Life is all about energy. Life is all about fuel.
Life is all about getting juiced.
And life can be cruel.
You’ve been there. You know.
When you were young, it was easy. Everything was juice. Everything was new. Everything stimulated. The juice was everywhere.
But not now.
That was then and this is now, and now is different. Now, you are experienced, wizened, grizzled, ...and older. And age, it turns out, is an astringent. It is the anti-juice. It is the dehumidifying spirit sucking mortal enemy of creativity. Life gets dull, because, well..., we get older, the well runs dry, the juice runs out, and so we seek.
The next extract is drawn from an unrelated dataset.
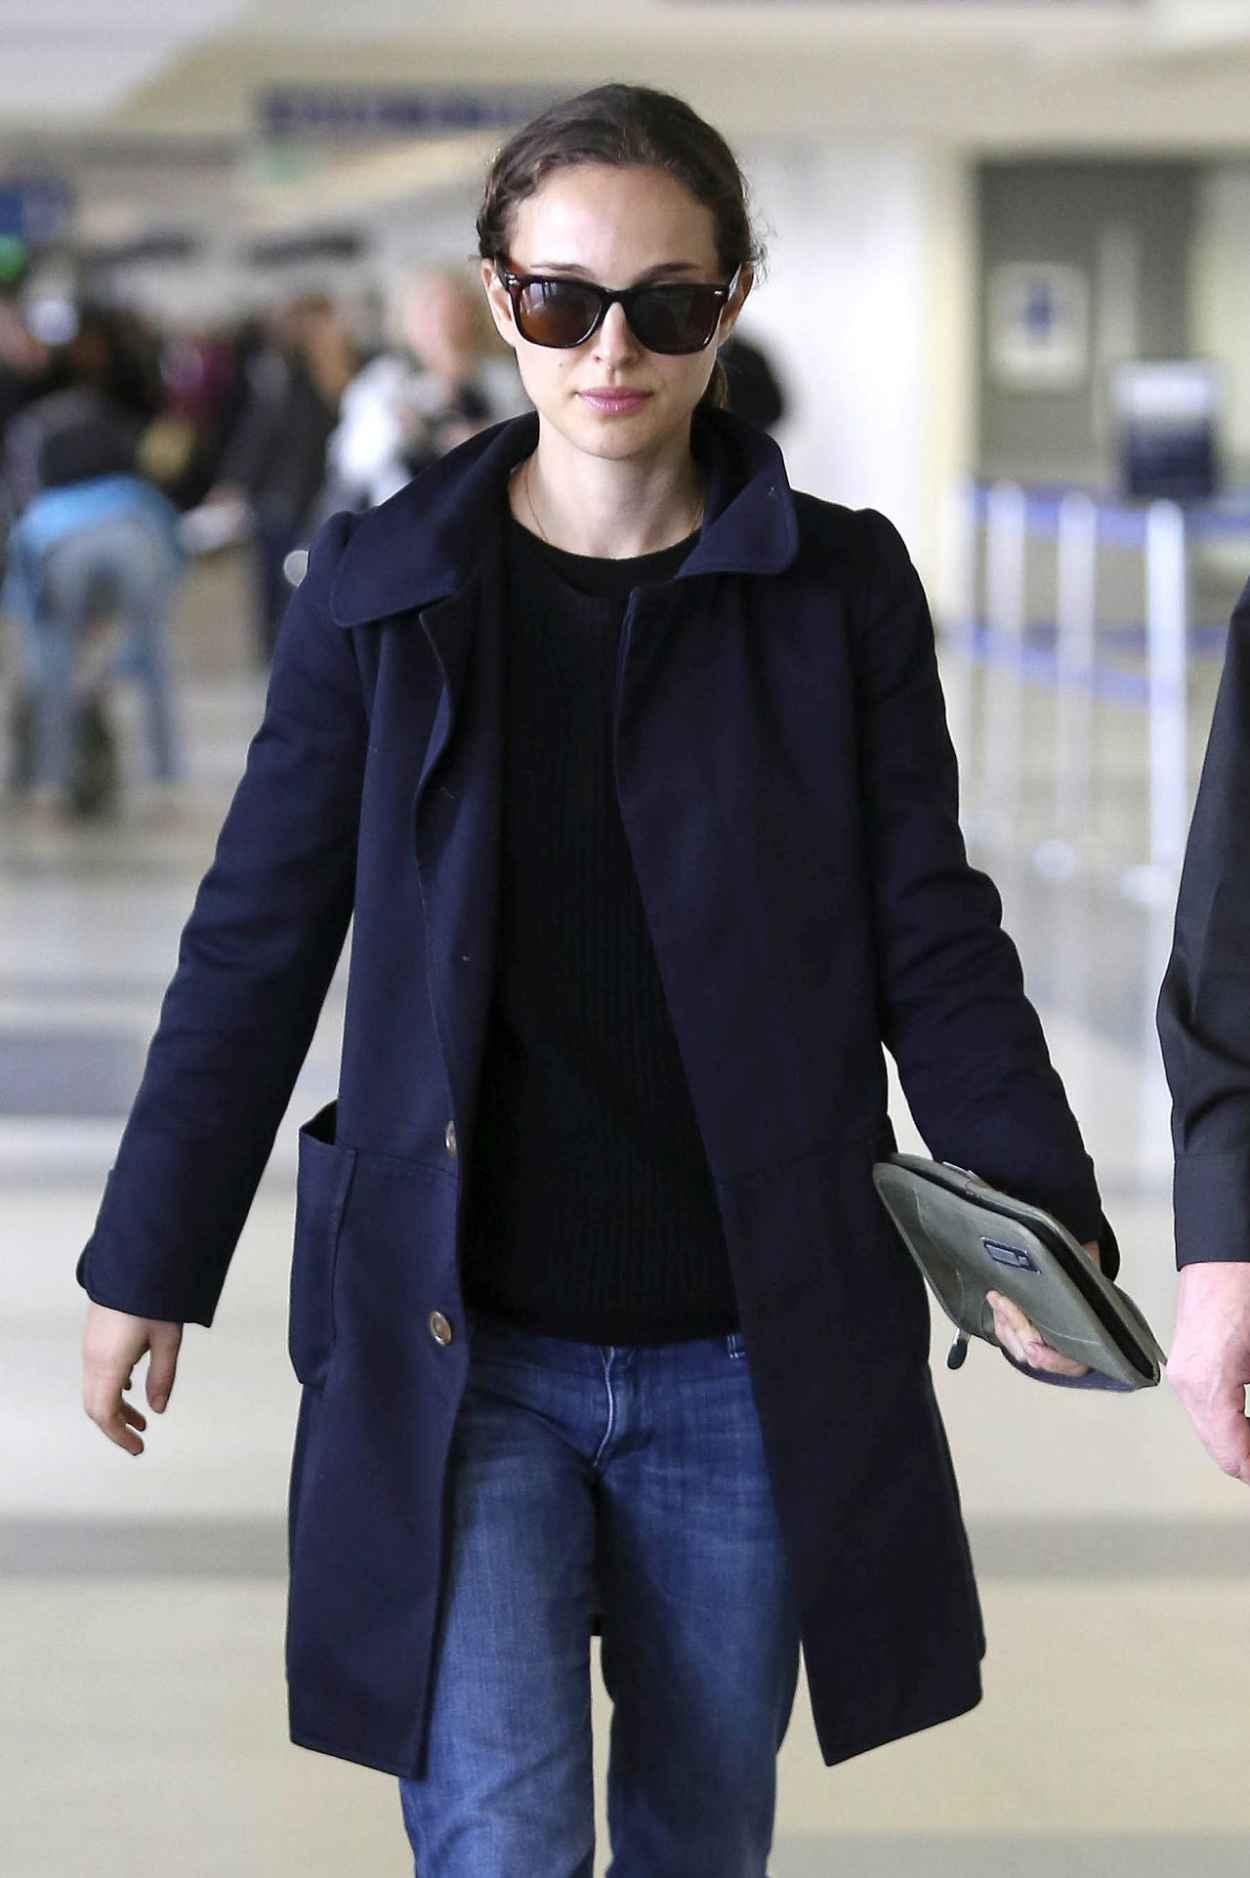 Natalie Portman Street Style - at LAX Airport - November 2015-1
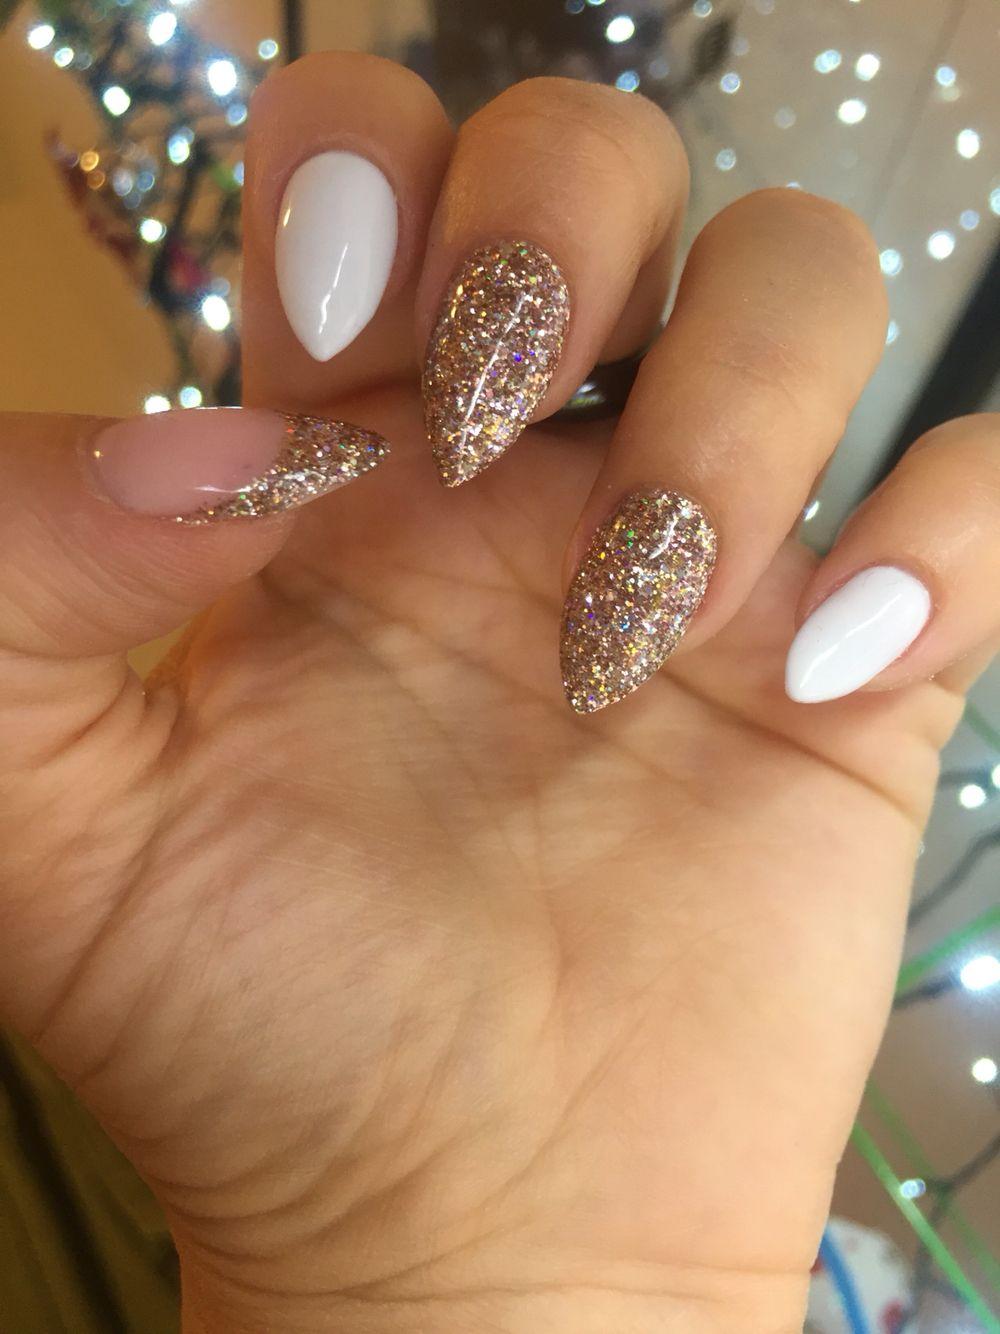 Bio Sculpture Gel Stiletto Glitter Nails Gelove Nehty Design Nehtu Nehty

You’ve sought. You seek. I know you have. I know you do.
Me too. I seek.
Today was a seek day. I took a ride today, seeking, looking for my juice.
It was out there, I believed.
I knew it was.
I’d find it.
I took a ride into Boston. I went just southeast of Uphams Corner, to the Edward Everett Square area, to the site of the old Doughboy Donuts, now a Dunkin Donuts, that sits at the theoretical corner of Boston St., and Mass Ave, and Columbia Road, which is a crossroads and not a corner really, but in New England, qualifies as a corner and so there I was because it was Eddie Everett and Uphams Corner and despite all the indicators that tell me otherwise, I like to think I am a journalist, a photographer, a recorder of events and stories, and Eddie Everett and Uphams Corner are two of those wonderful horrible locations in Boston where you really should spend time if you want to record events and stories and maybe find some juice. A lot of stories start there, or end there, or near there, or within striking distance of there, and anyway, there is coffee there, which makes the whole waiting-seeking part a lot easier, there.
Which matters. Those places can be unsettling, but they produce. They always have. They are fertile places. They are fishing holes for stories.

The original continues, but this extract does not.